PLoS One. 2025 Jun 10;20(6):e0320833. doi: 10.1371/journal.pone.0320833. eCollection 2025.
ABSTRACT
To estimate the extent to which physical capability, depressive symptoms, balanced self-efficacy (BSE), and other risk factors, that are interrelated with stroke, influence the quality of life (QoL) in stroke survivors. A theoretical model based on Wilson and Cleary’s model tested the specific hypotheses: 1) physical capability has an indirect effect on QoL mediated by BSE; 2) physical capability has an indirect effect on QoL by depressive symptoms; 3) stroke risk factors (hypertension/diabetes/gender) moderate the above relationship. Six hundred and seventy stroke survivors were enrolled from ten different hospitals in Yunnan province from 2019 to 2021. Patients’ mental and physical function was assessed using the Brunnstrom recovery stage (BRS), mini-balance evaluation system test (Mini-BEST), Barthel index (BI), Activities-specific Balance Confidence scale (ABC), and Hamilton depression scale (HAM-D).
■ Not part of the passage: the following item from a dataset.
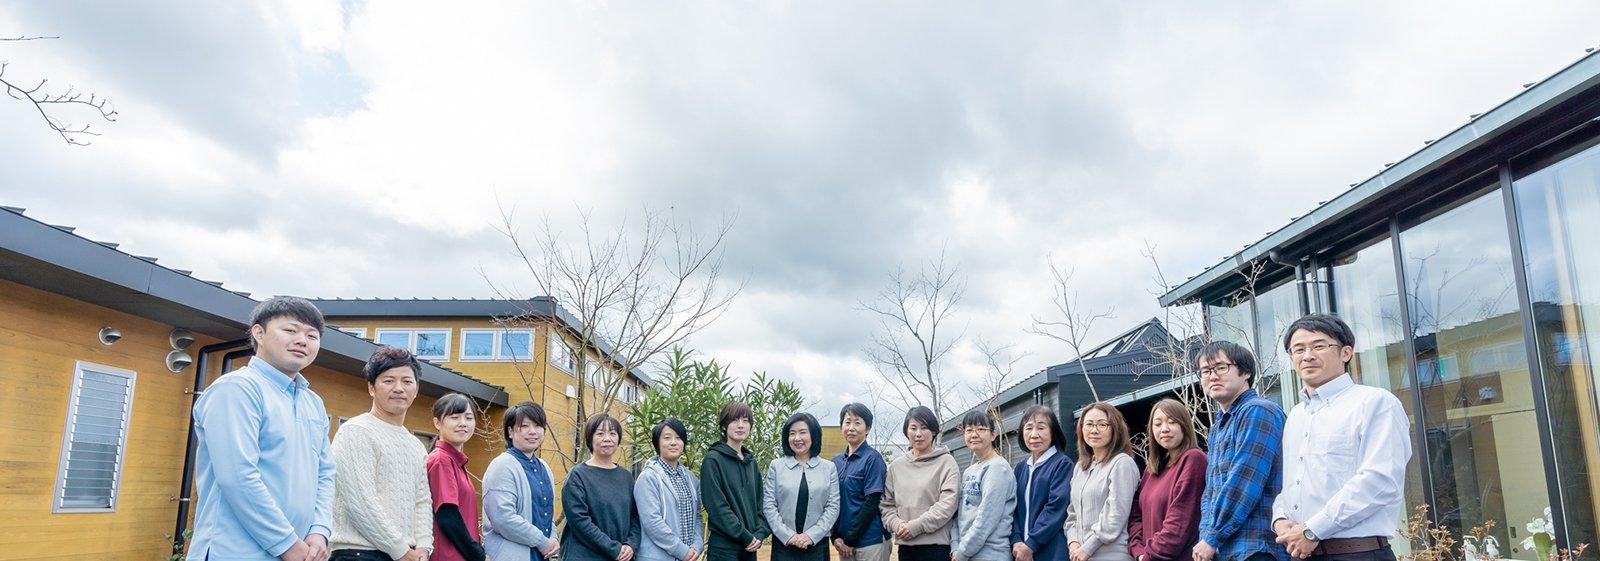 社会福祉法人名張育成会 - くらしサポート ゆっくる/生活支援スタッフ(パート職員)

The structural equation model (SEM) was used to test the moderated mediation model in Mplus 8.0 software. The model showed a good fit (RMSEA = 0.075, SRMR = 0.010). BSE significantly mediated the relationship between physical capability and QoL (β = 0.322, p = 0.002). Hypertension was found a significant moderator of all the direct paths from physical capability to QoL through depressive symptoms (В = 0.412, p = 0.015; В = 0.831, p = 0.020, respectively). This study provides a better insight into the relationship between physical capability and QoL via BSE in stroke survivors, which may help establish appropriate treatment for these individuals.